In the last one year, the RBI had to grapple with the fall-out of the troubles at IL&FS and DHFL, the consequent liquidity crunch faced by non-banking finance companies (NBFCs), banks turning conservative in lending to NBFCs, permitting banks to come out of the prompt corrective action (PCA) to ensure that they start lending, a central board member becoming vocal about the need to provide one-time restructuring of MSME loans, and the fraud at the Punjab and Maharashtra Co-operative (PMC) Bank.

It also had to deal with issues related to the transfer of its surplus and excess provisions to the government; come up with a revised framework for resolution of stressed assets (in the wake of the Supreme Court holding the February 12, 2018, circular on Resolution of Stressed Assets as ultra vires); and cut GDP growth projection for FY2020 four times from 7.2 per cent made in April 2019 to 5 per cent in the December bi-monthly policy review.

That Das is open to suggestions is probably underscored by the fact that the RBI issued guidelines on the restructuring of advances to Micro, Small and Medium Enterprises (MSMEs), which was a key demand of one of the board members.

Mutual understanding

In fact after he took over as Governor, the meetings of the RBI’s central board and the central bank’s deliberations with the finance ministry have taken place in a spirit of mutual understanding, say the sources cited above.

Das will have his hands full for the next two years, trying to push up growth along with the government, reining-in incipient inflationary pressures at the retail level, ensuring effective transmission of the past rate cuts in the financial system, ensuring that NBFCslend without a hitch, and getting banks to lend more after doing proper due diligence.

Significant decisions taken

To tackle issues being faced by NBFCs and core investment companies (CICs) in the wake of the IL&FS and DHFL debt default imbroglio, the RBI prescribed a liquidity risk management framework for these entities. It also asked NBFCs to appoint chief risk officers.

The RBI relaxed end-use stipulation under the external commercial borrowing framework for corporates and NBFCs. It also announced measures to enhance flow of credit to the NBFC sector, whereby bank credit to registered NBFCs (other than microfinance institutions) for on-lending is eligible for classification as priority sector lending.

The central bank reduced risk weight for consumer credit except credit card receivablesand introduced. Banks were asked to link all new floating rate personal or retail loans and floating rate loans to MSMEs to an external benchmark, with effect from October 1.
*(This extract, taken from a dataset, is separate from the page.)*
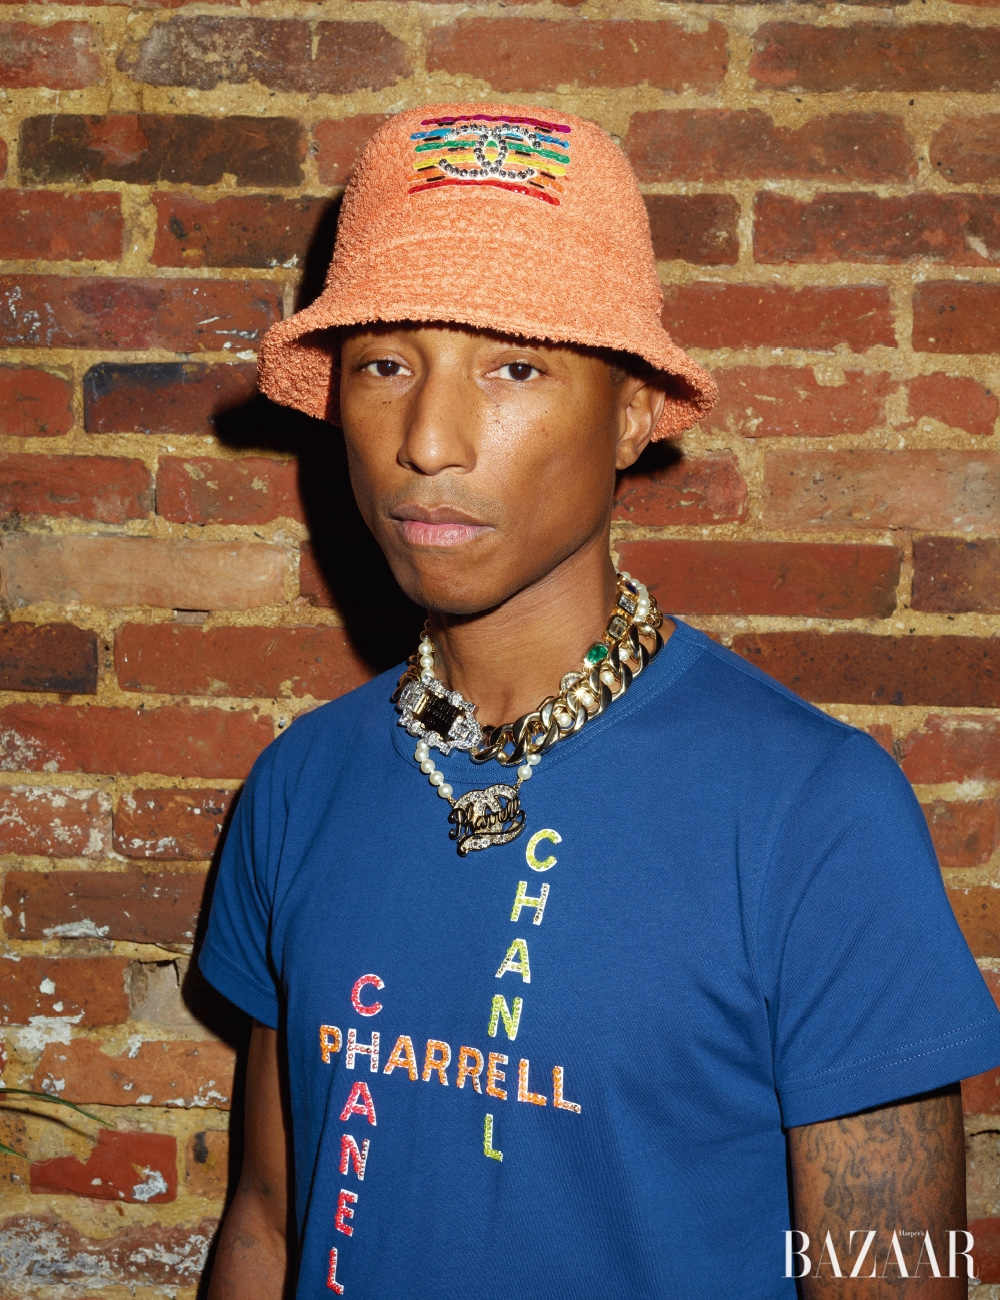 티셔츠, 버킷 햇, 레이어드한 목걸이는 모두 CHANEL-Pharrell Capsule Collection.

In the wake of the letter of undertaking scam at Punjab National Bank and debt defaults at IL&FS and DHFL, the RBI reorganised its regulation and supervision departments. The restructuring was done with the objective of having a holistic approach to supervision and regulation of the regulated entitiesto address growing complexities, size and inter-connectedness and also to deal more effectively with the potential systemic risk that could arise due to possible supervisory arbitrage and information asymmetry.

After a review of the performance of the existing small finance banks (SFBs) and to encourage competition, the RBI issued guidelines for ‘on-tap’ licensing of SFBs in the private sector. To get banks to lend more, the RBI brought a host of banks such as Bank of India, Bank of Maharashtra, Oriental Bank of Commerce, Allahabad Bank, Corporation Bank and Dhanlaxmi Bank out of the restrictive PCA framework.

In July, Das said that several challenges remain to be addressed in the banking sector, particularly with regard to the stressed asset resolution and credit flows to needy sectors.

In his meeting with public sector bank chiefs, he flagged issues such as the less-than-desired level of transmission of monetary policy rates; credit and deposit growth on the back of a slowing economy; flow of credit to the needy sectors while following prudent lending;, robust risk assessment and monitoring standards; improving recovery efforts; giving impetus to resolution of stressed assets; strengthening internal control mechanism for improved fraud risk management; and recent initiatives to address issues related to NBFCs.